Ontology-grounded Automatic Knowledge Graph Construction by LLM under Wikidata schema
Xiaohan Feng, Xixin Wu, Helen Meng
TL;DR
The paper addresses scalable knowledge graph construction for proprietary domains by grounding LLM-generated knowledge in an ontology aligned with Wikidata. It introduces a four-stage pipeline—competency-question generation, ontology matching to Wikidata, ontology formatting, and KG construction—to ensure consistency, interpretability, and interoperability. Experimental results on Wiki-NRE, SciERC, and WebNLG demonstrate competitive performance, with notable gains under target-schema constraints and insights into the trade-offs of unconstrained ontology expansion. The approach provides an interpretable, auditable QA-friendly KG construction framework that can integrate with Wikidata and scale with limited human input.
Abstract
We propose an ontology-grounded approach to Knowledge Graph (KG) construction using Large Language Models (LLMs) on a knowledge base.
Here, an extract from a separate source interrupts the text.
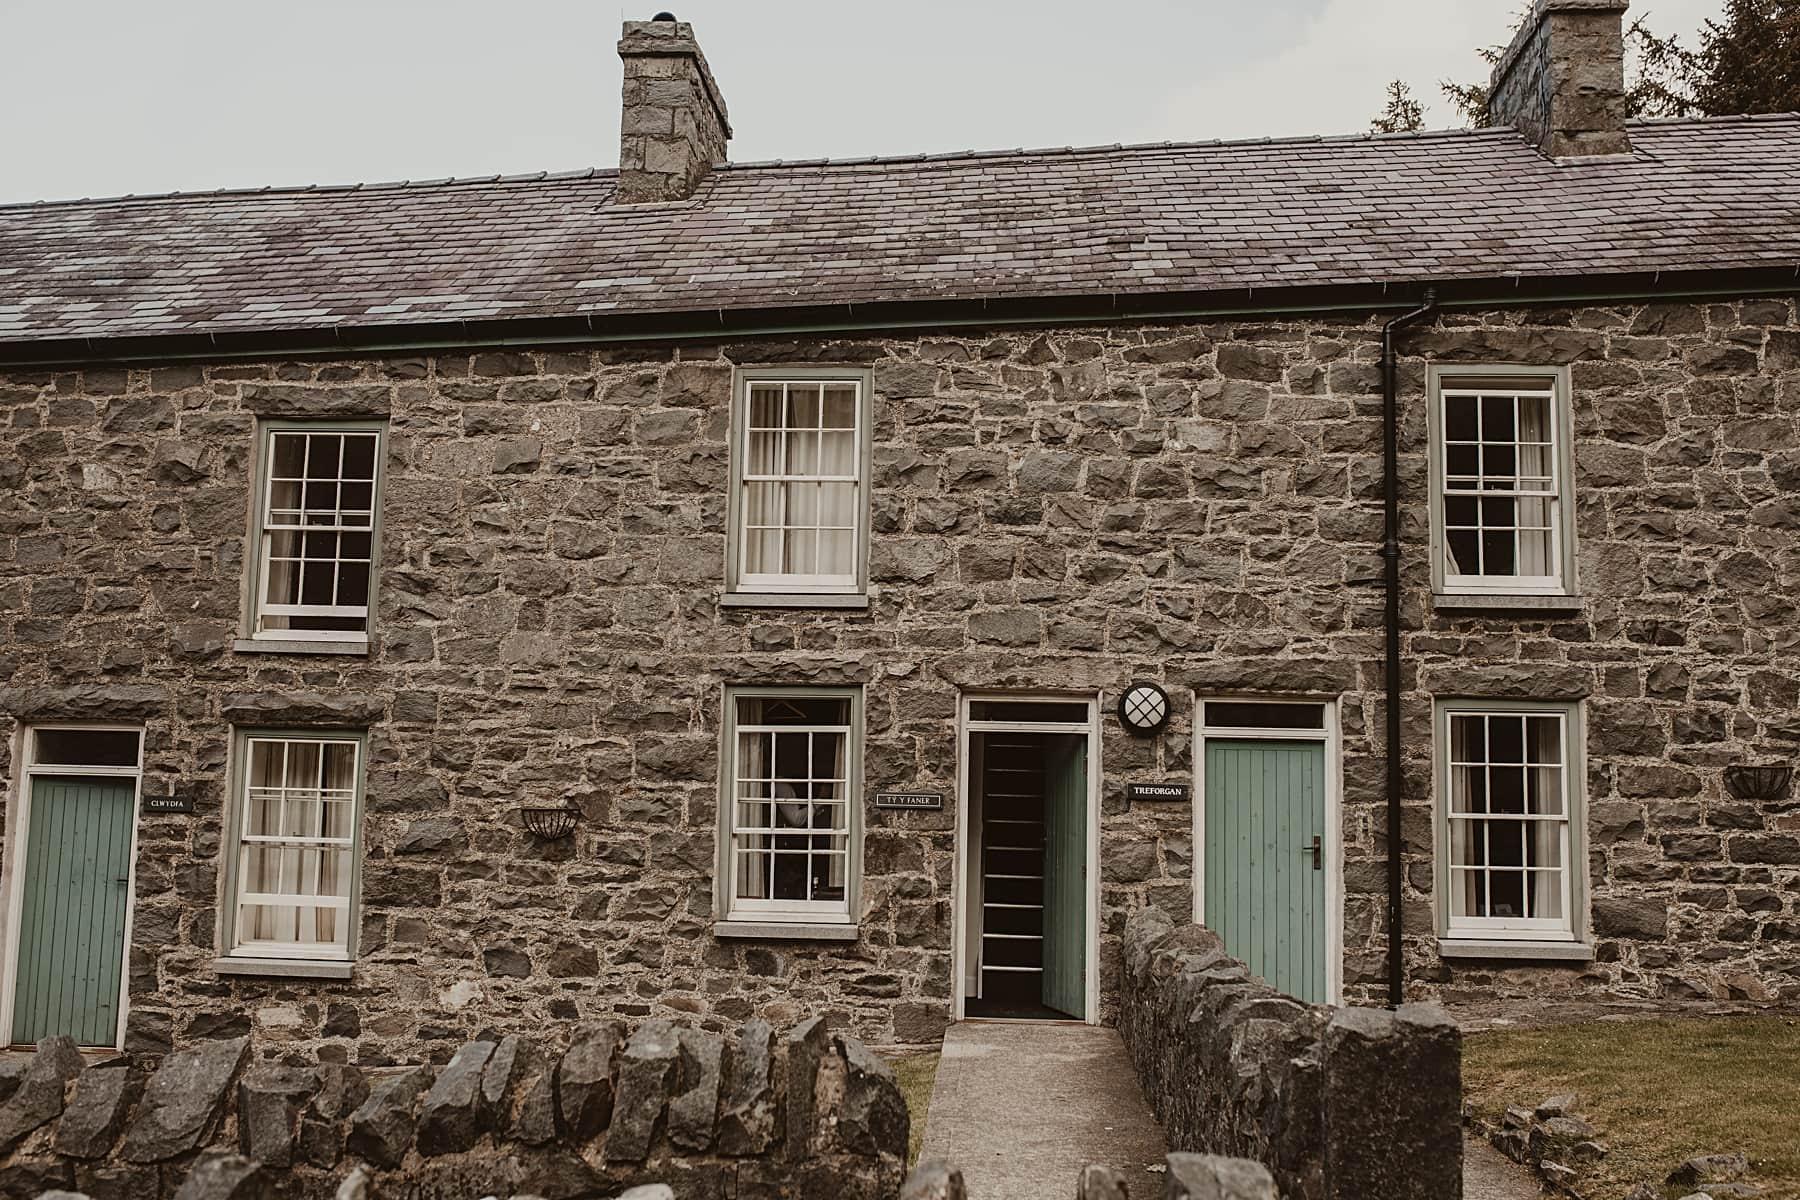 Cottages at Nant Gwrtheyrn

An ontology is authored by generating Competency Questions (CQ) on knowledge base to discover knowledge scope, extracting relations from CQs, and attempt to replace equivalent relations by their counterpart in Wikidata. To ensure consistency and interpretability in the resulting KG, we ground generation of KG with the authored ontology based on extracted relations. Evaluation on benchmark datasets demonstrates competitive performance in knowledge graph construction task. Our work presents a promising direction for scalable KG construction pipeline with minimal human intervention, that yields high quality and human-interpretable KGs, which are interoperable with Wikidata semantics for potential knowledge base expansion.